Performance Enhancer (Vegetable) Protein

But how does a fitness athlete know, for example, when it would make sense to supplement with protein?
odle: “The protein issue is very complex. It is an elemental building material of the body that is involved in numerous metabolic processes. Therefore, it is difficult to determine from clinical values ​​or specific symptoms when a deficiency occurs. The easiest thing is to see how much protein you are eating each day. There are clear guidelines you can follow, e.g. B. the German Society for Nutrition, but also international guidelines such as the International Society for Sports Nutrition. They help physically active and less active people, young and old, determine their daily protein needs.”

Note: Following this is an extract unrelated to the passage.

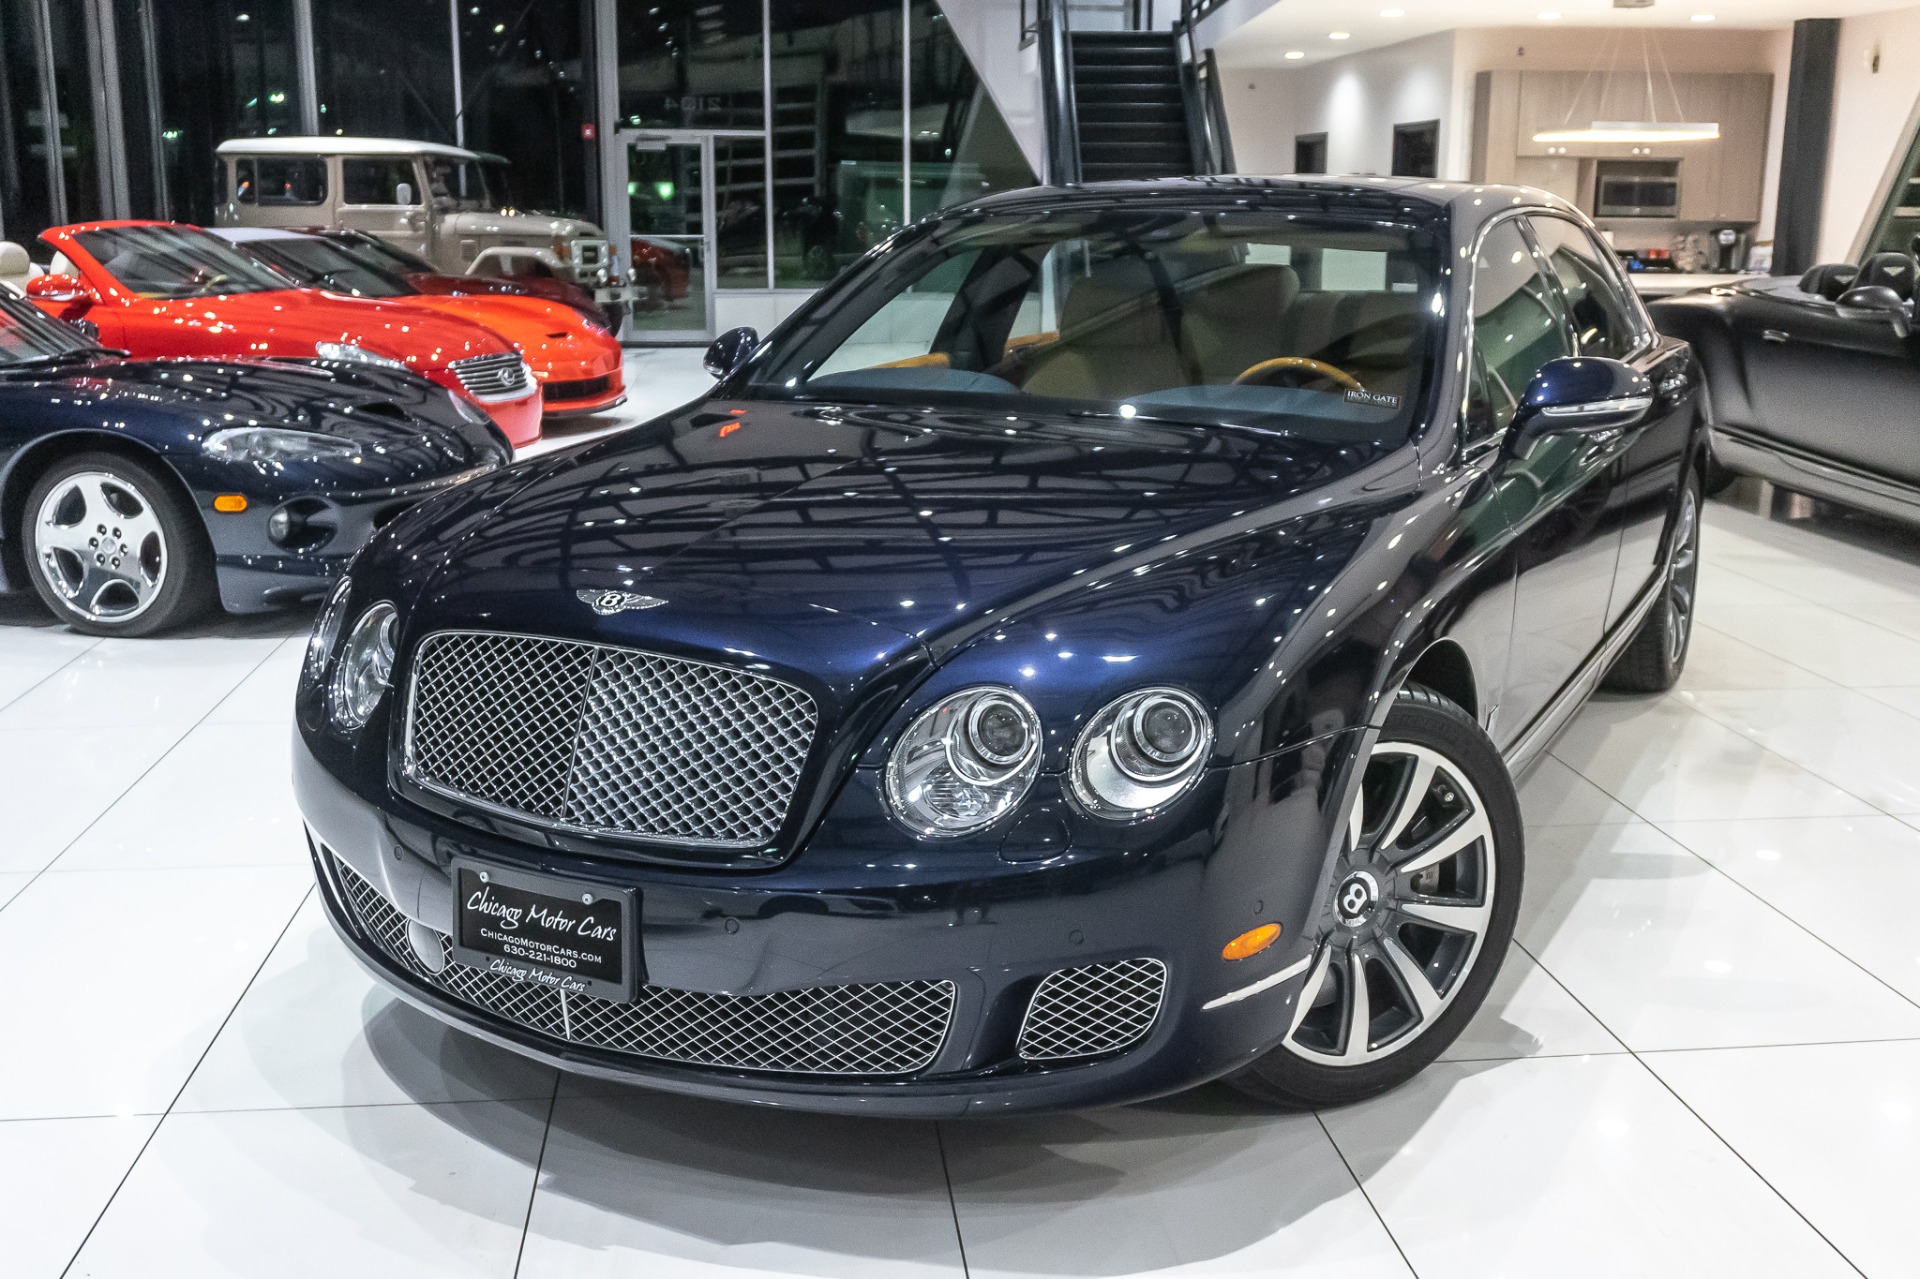 Used-2012-Bentley-Continental-Flying-Spur-Series-51-Edition-W12-AWD-Excellent-Condition-Fully-Serviced

Also interesting: Is it better to supply protein for more muscles in the morning or in the evening?

Are you seeing a worrying trend when it comes to protein?

odle: “I’ve been in the fitness industry for a long time. 25 years ago we also talked about needing a little more protein to build muscle, which is true. But for about ten years, industry and advertising have told us: ‘Eat a high-protein diet!’ There’s already protein chocolate pudding! You can no longer talk about a protein deficiency in the population. And on top of that the protein shake after training? I don’t think it’s necessary and it doesn’t make sense either.”

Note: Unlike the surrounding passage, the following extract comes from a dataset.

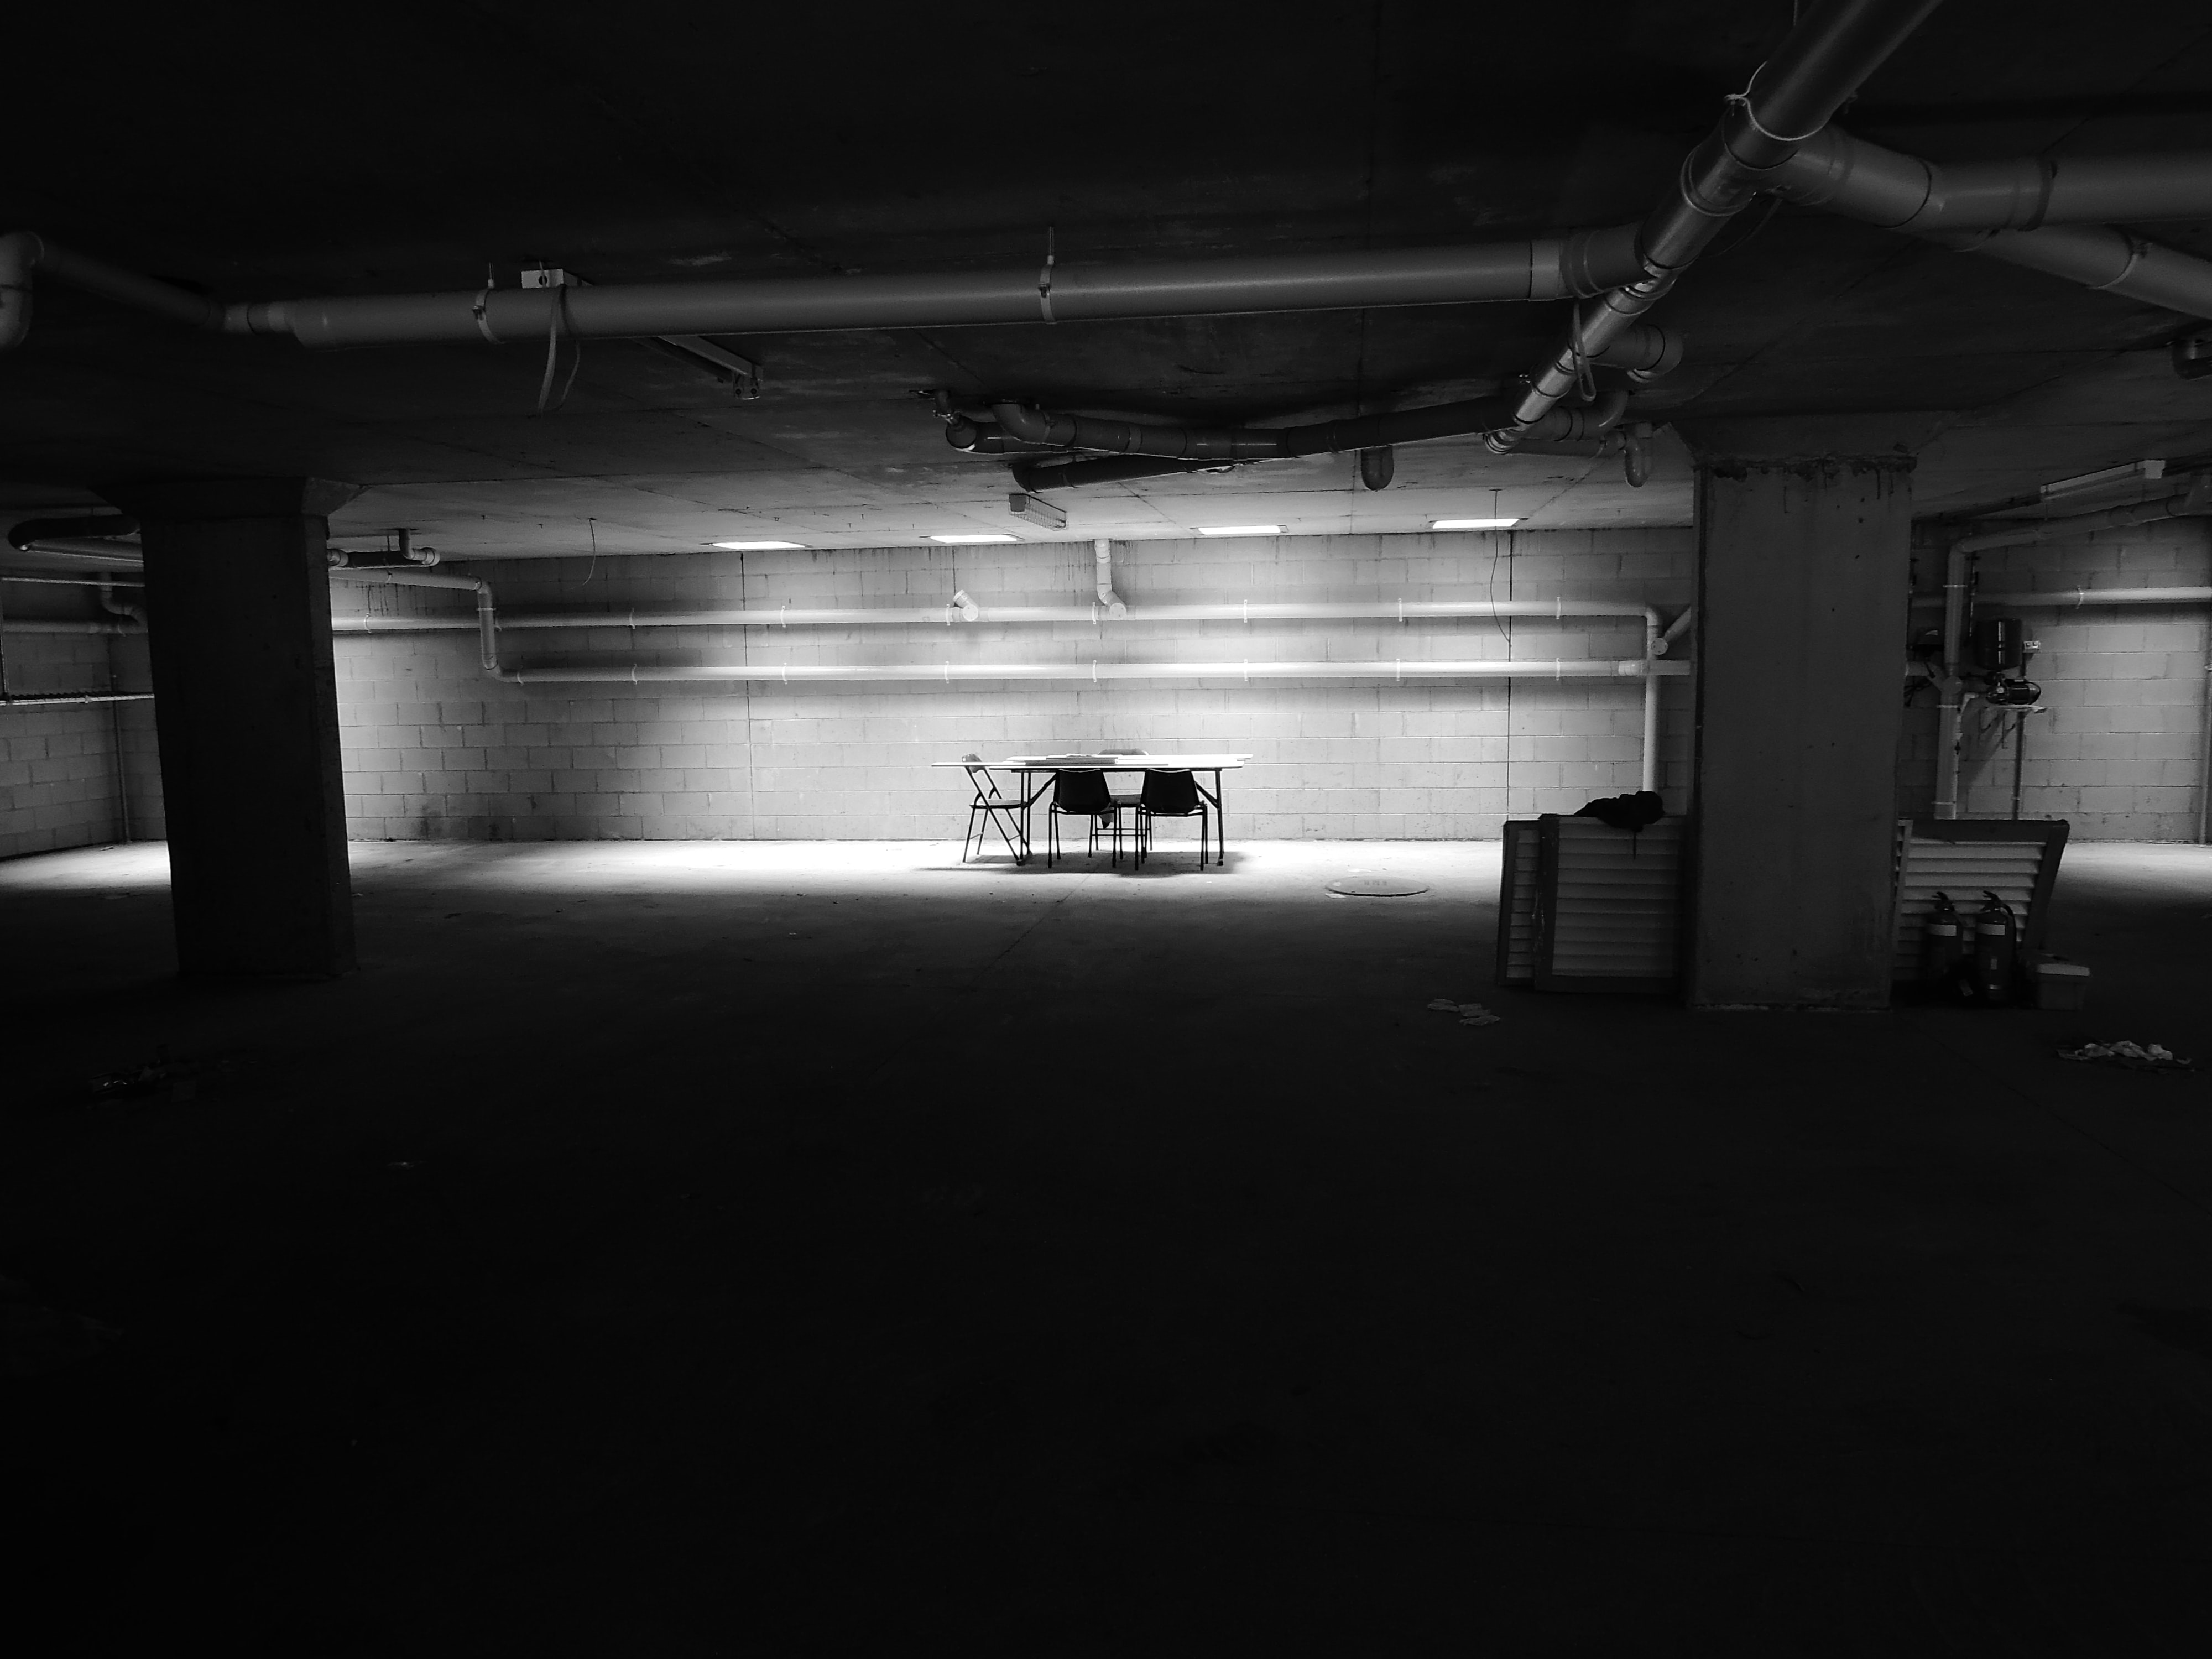 Table and chairs in dark room; image by Jonny Clow, via Unsplash.com.

Going back to the initial question about plant-based performance enhancers when it comes to protein, do plant-based proteins have any disadvantages compared to animal products?
Isenman: “Here, the situation of the study is quite clear: animal proteins have a higher biological value when I look at the individual food, e.g. a piece of meat, quinoa, soy. But in practice I tend to eat a combination of different products “So not just beans, but beans with rice or meat and potatoes. The combination of these foods should reach a score of 100, and I can do that on a vegetarian or vegan diet.”

Also interesting: 6 vegetable protein sources, they provide more protein than eggs

FITBOOK experts at FIBO 2022

Stephan Geisler is a professor of fitness and health at the IST University in Düsseldorf and director of training for physical trainers at the German Sport University in Cologne. He regularly reports on the latest findings in the field of sports medicine and science for FITBOOK.

Eduard Isenmann conducts research at the German Sport University Cologne in the field of molecular and cellular sports medicine. Since 2018 he is a research associate of the IST university team in the “Fitness and Health” department. Research area: the influence of nutrition, dietary supplements and regeneration-promoting measures on sports performance.